Giselle Kennedy Lord, director of communications at Slow Food USA, says the idea is a bit of a twofer: The sessions give chefs, farmers, and other food system advocates a platform to teach a skill, while everyone with a digital device can tune in to learn. “It’s really heartening the way people have jumped on the opportunity to engage with our community and offer their wisdom, knowledge, and skills to people for free,” Lord says. 

Lord says the idea stemmed from what felt like an urgent need to connect with the Slow Food community during a time that’s, well, really challenging for a lot of people. “We recognize there are a lot of people who are at home alone, very much on their own. We wanted those people to have something to engage with and get excited about,” Lord says. 

Sessions span a variety of topics, from how to make dumplings from scratch to maintaining a sourdough starter or growing your own microgreens. Participants can tune in live at 12 p.m. MT throughout the week or access sessions, which are recorded and posted on the site, at their leisure. If you have the time, though, Lord recommends tuning in live. “The ability to ask questions allows participants to really engage [with the skill that’s being taught]. It makes it more of a conversation rather than a lecture.” 

The sessions will continue through May, at least. “The idea is to keep going for as long as people are stuck at home,” says Lord. A number of lessons star Coloradans, who, Lord says, were eager to participate. So far, the roster of Centennial State teachers has included chef Eric Lee of Acreage, who led a zero-waste minestrone-making demonstration; Lilly Steirer of Slow Food Denver’s Cooking From the Garden program, who gave cool-weather vegetable-growing gardening tips; and Adam Brock of Regenerate Change, who led a discussion on social permaculture. (These sessions have already aired, but are available to watch here.) 

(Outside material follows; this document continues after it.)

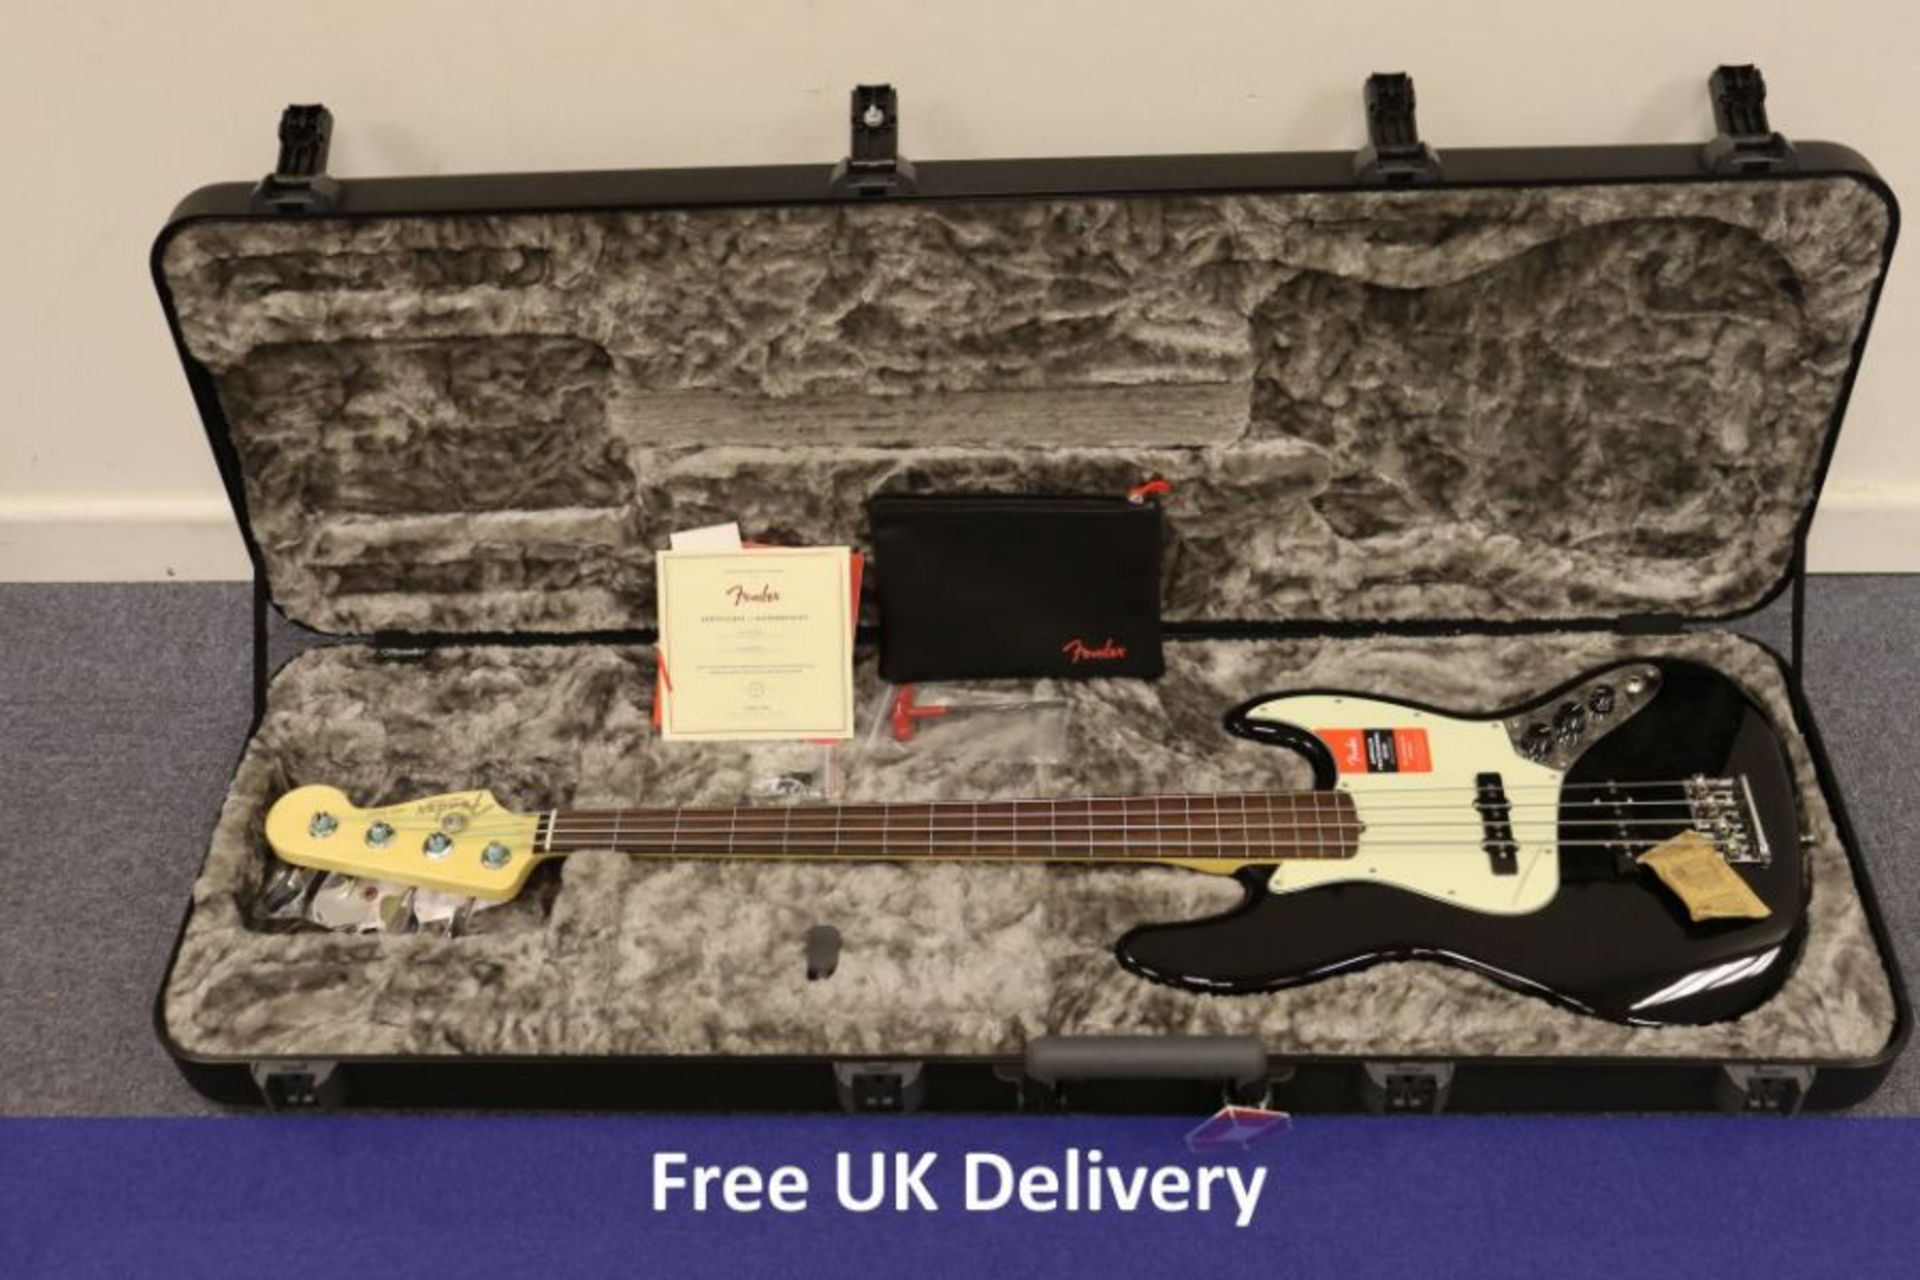 Fender American Professional Jazz Bass Guitar in Deluxe Moulded Fender Hard Case, Black, 0194100706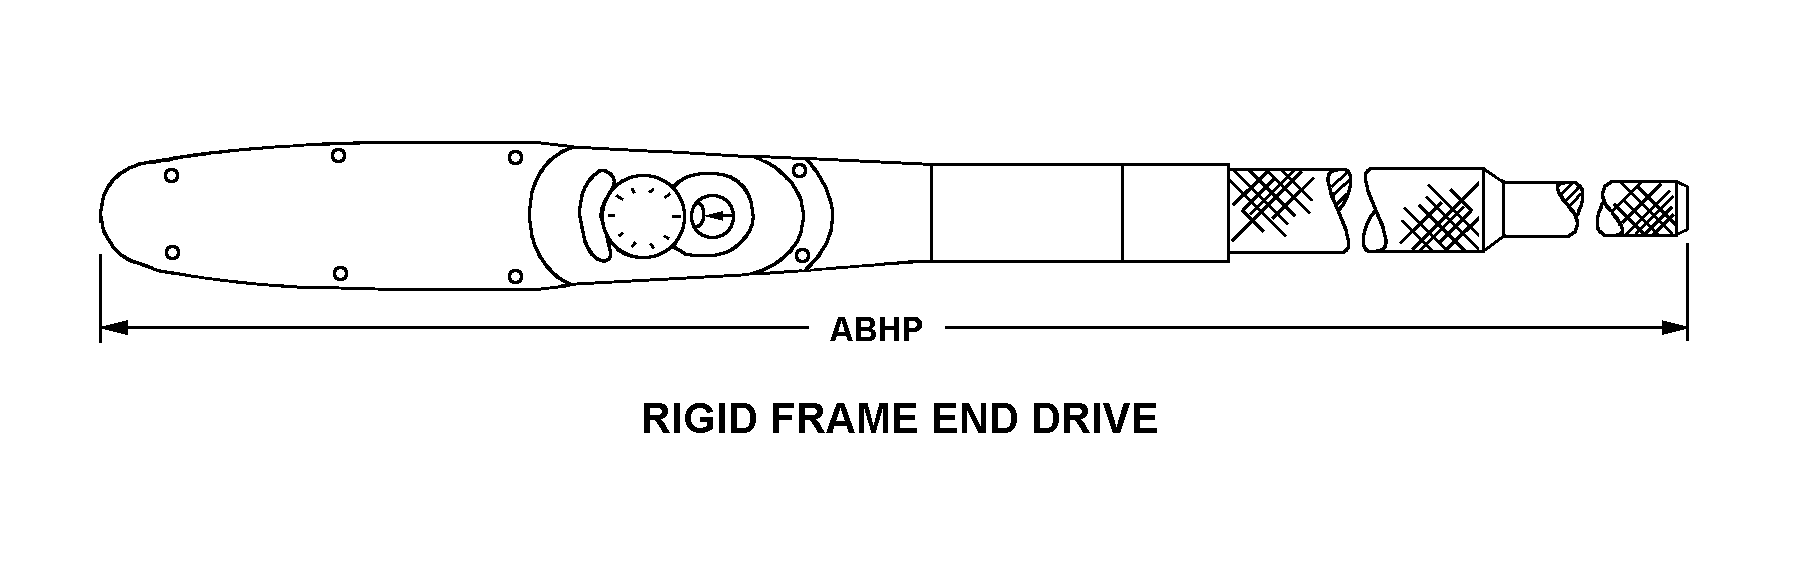 RIGID FRAME END DRIVE style nsn 5120-01-236-5706

Below are more details on a couple of Slow Food Live’s upcoming sessions; the full roster is available here.

The Magic of Microgreens With Roberto Meza of Emerald Gardens | April 28 
Start your own microgreens with Bennett, Colorado’s very own Roberto Meza, a Denver Sustainable Food Policy Council and High Plains Food Co-Op member, and Mile High Farmers chair of membership. Meza will explain what microgreens are, why they’re important, and how you can grow them at home. Materials needed: soil or jute mats, nursery trays or other shallow container, seeds, and a water bottle or hose

Dumplings With Mei Li | April 29 
North Carolina-based cookbook author and former restaurant owner Mei Li will walk you through how to make dumplings from scratch using ingredients found in your pantry. Materials needed: check out the list here.